=== GIVEN MATERIAL ===

:::::

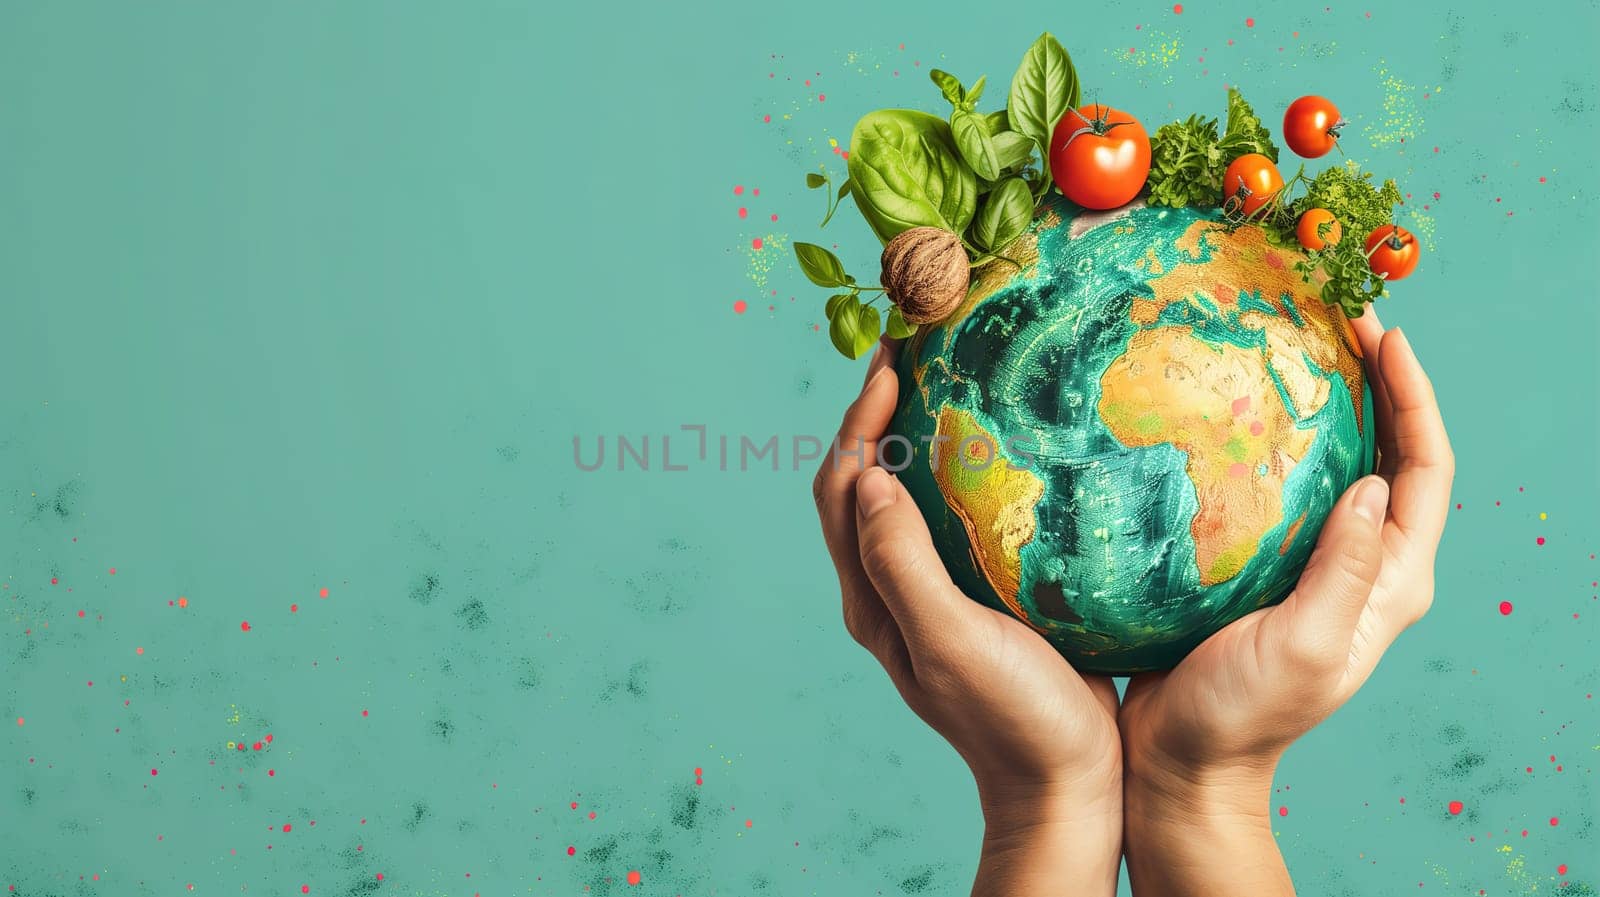 A person is holding a globe with a variety of fresh vegetables placed on top of it. The globe is being held in both hands, with the vegetables arranged neatly around it.
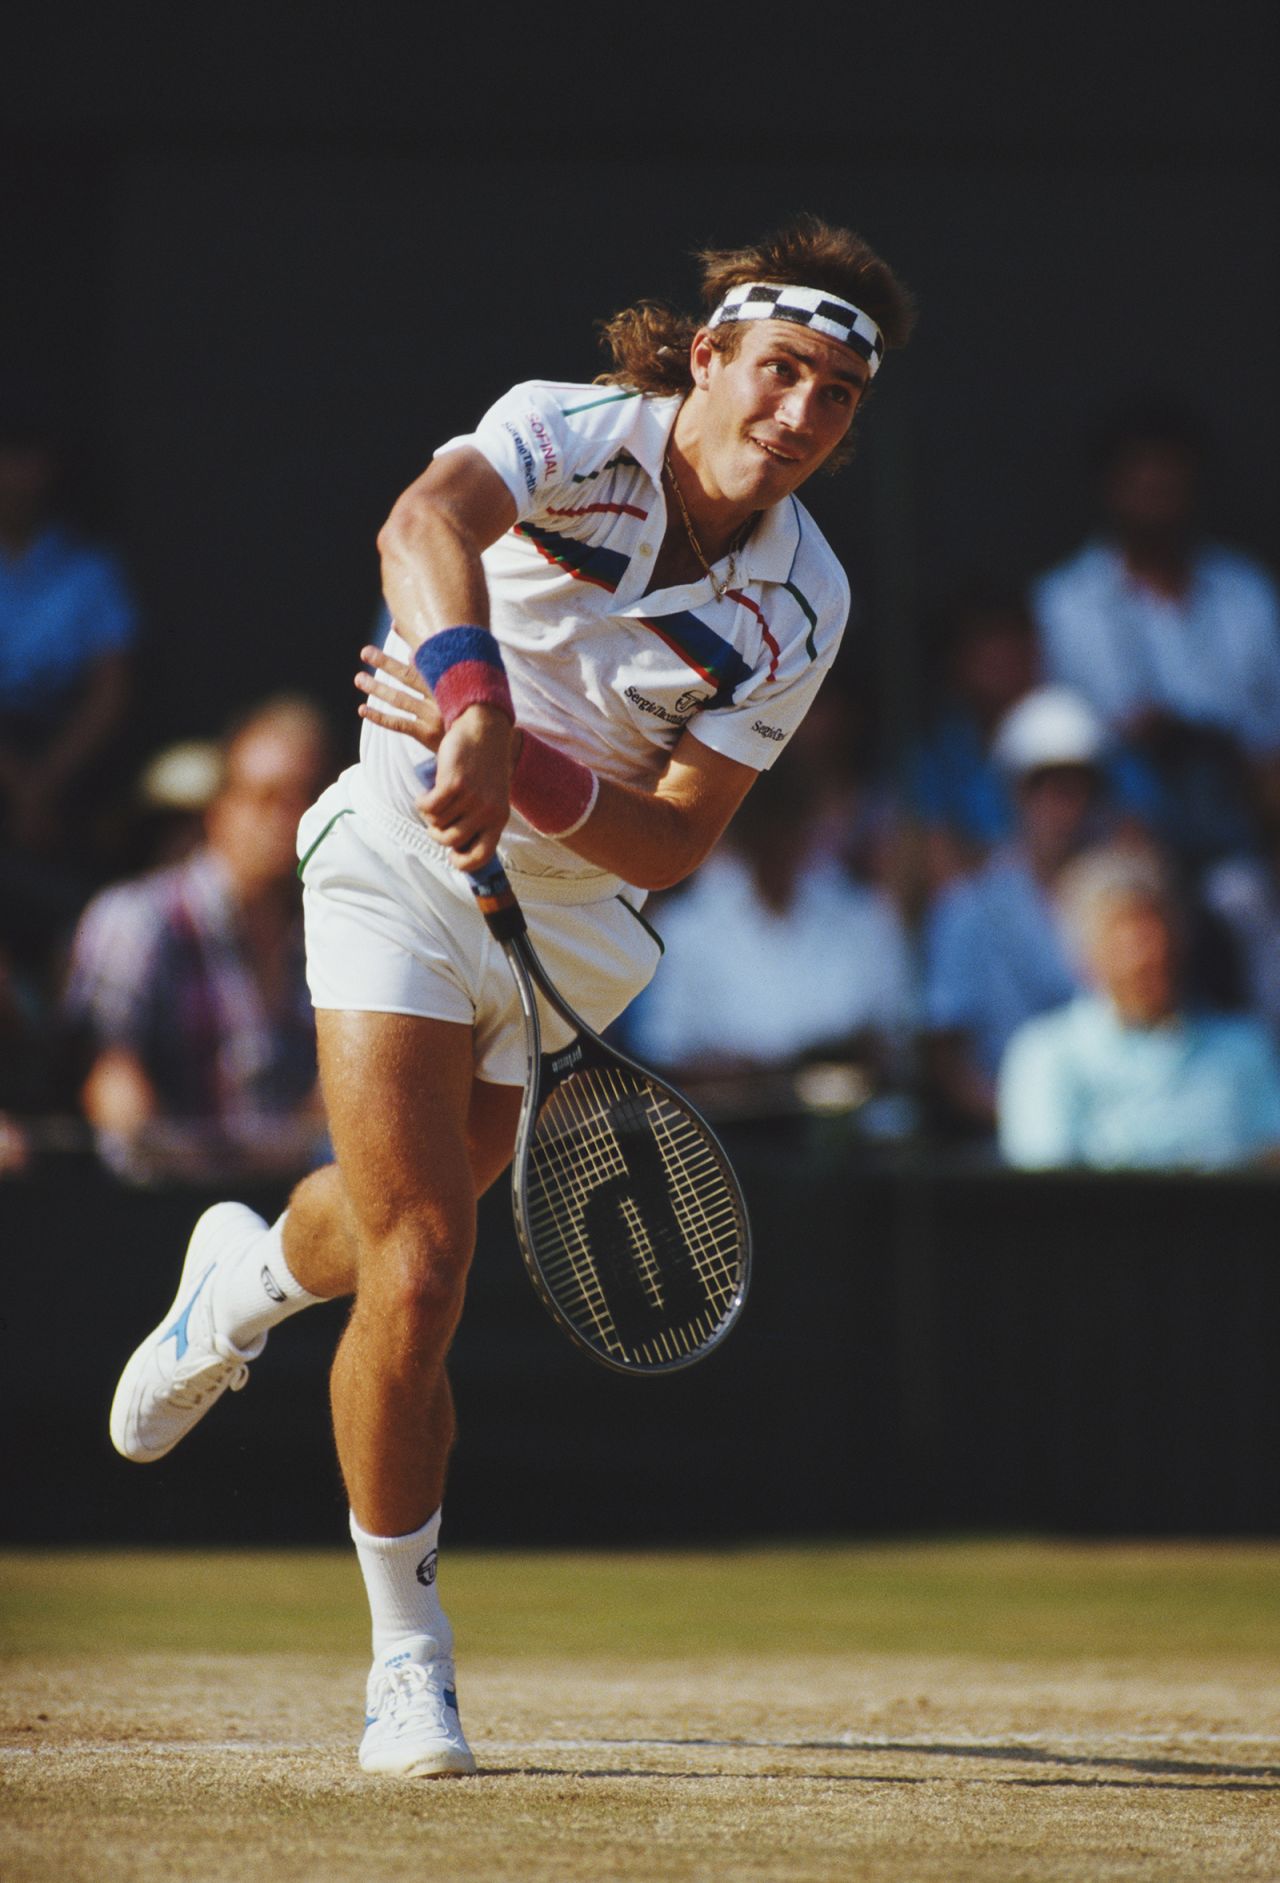 Pat Cash of Australia serves against Ivan Lendl during their Men's Singles Final match of the Wimbledon Lawn Tennis Championship on 5 July 1987 at the All England Lawn Tennis and Croquet Club in Wimbledon, London, England. (Photo by Chris Cole/Getty Images)
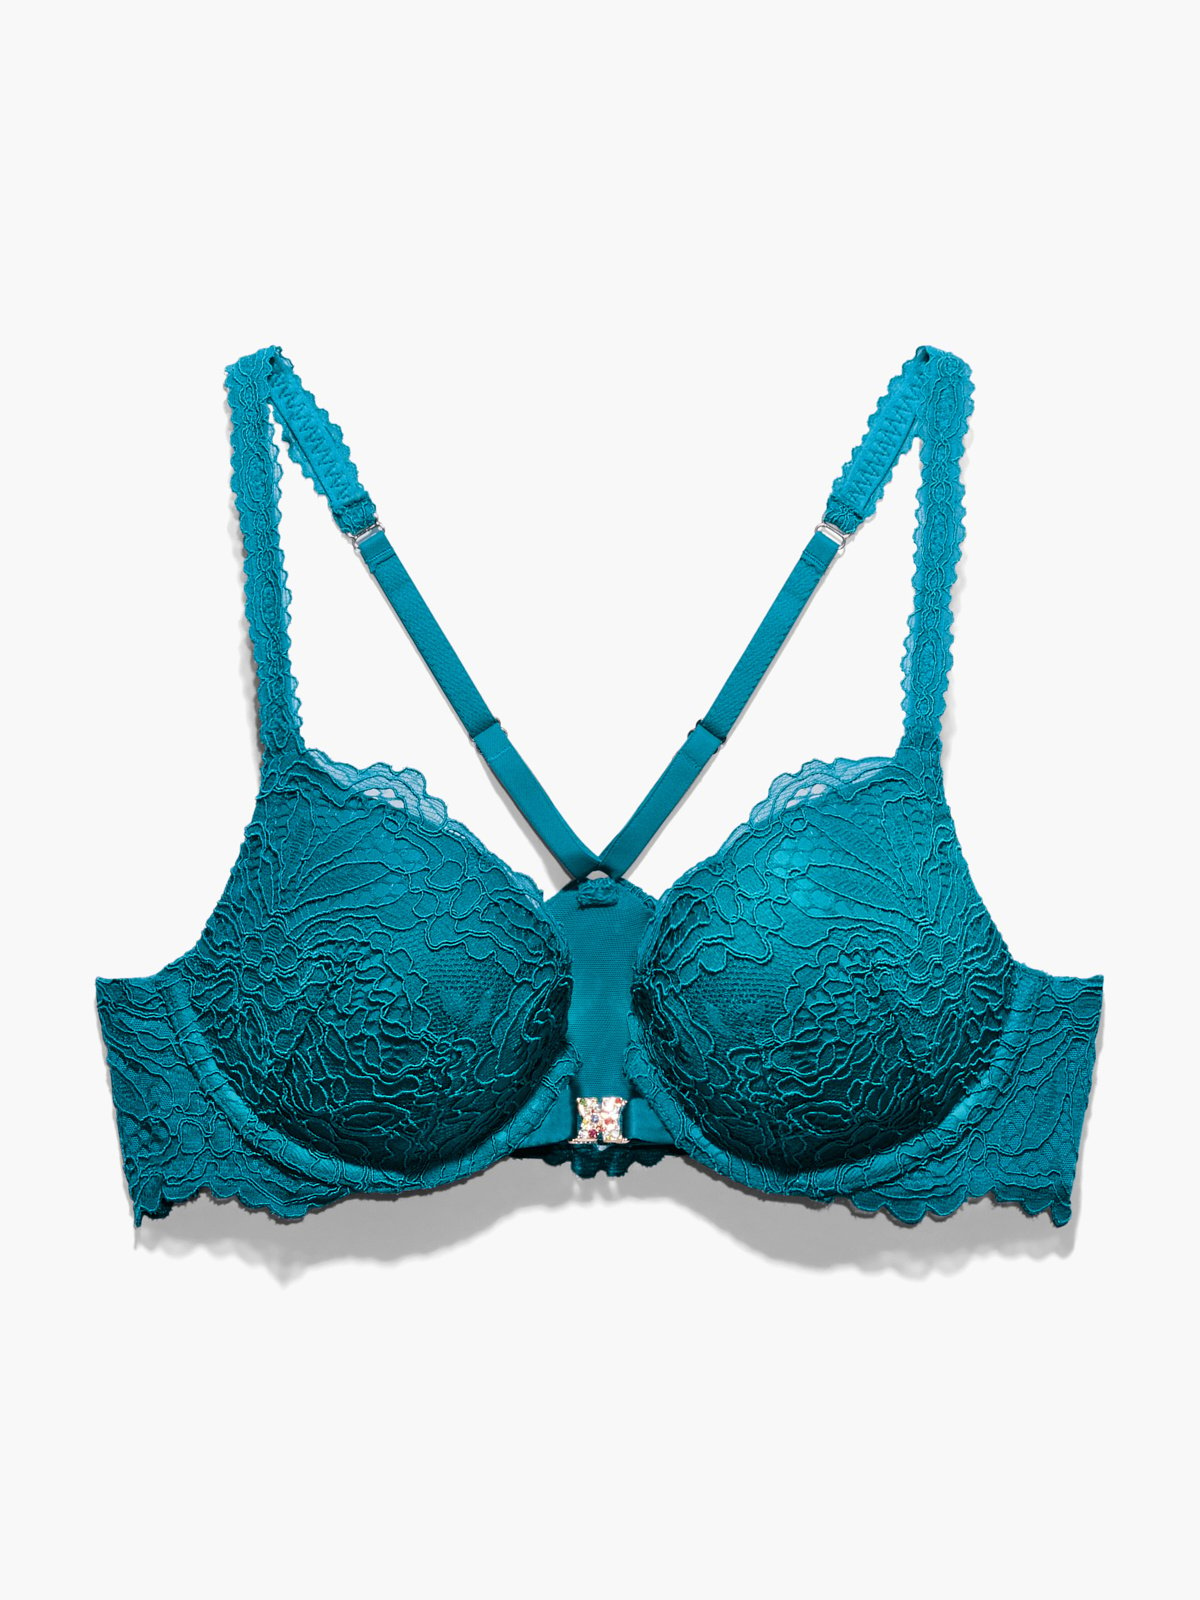 TALENT Front Closure Bras Lace Underwear Bralette Breathable Push Up  Brassiere Without Underwire(Blue,34a)

:::::

Each line above is to be duplicated exactly, and the pictures are to be omitted.

=== OUTPUT FOR THIS TASK ===
 A person is holding a globe with a variety of fresh vegetables placed on top of it. The globe is being held in both hands, with the vegetables arranged neatly around it.
 Pat Cash of Australia serves against Ivan Lendl during their Men's Singles Final match of the Wimbledon Lawn Tennis Championship on 5 July 1987 at the All England Lawn Tennis and Croquet Club in Wimbledon, London, England. (Photo by Chris Cole/Getty Images)
 TALENT Front Closure Bras Lace Underwear Bralette Breathable Push Up  Brassiere Without Underwire(Blue,34a)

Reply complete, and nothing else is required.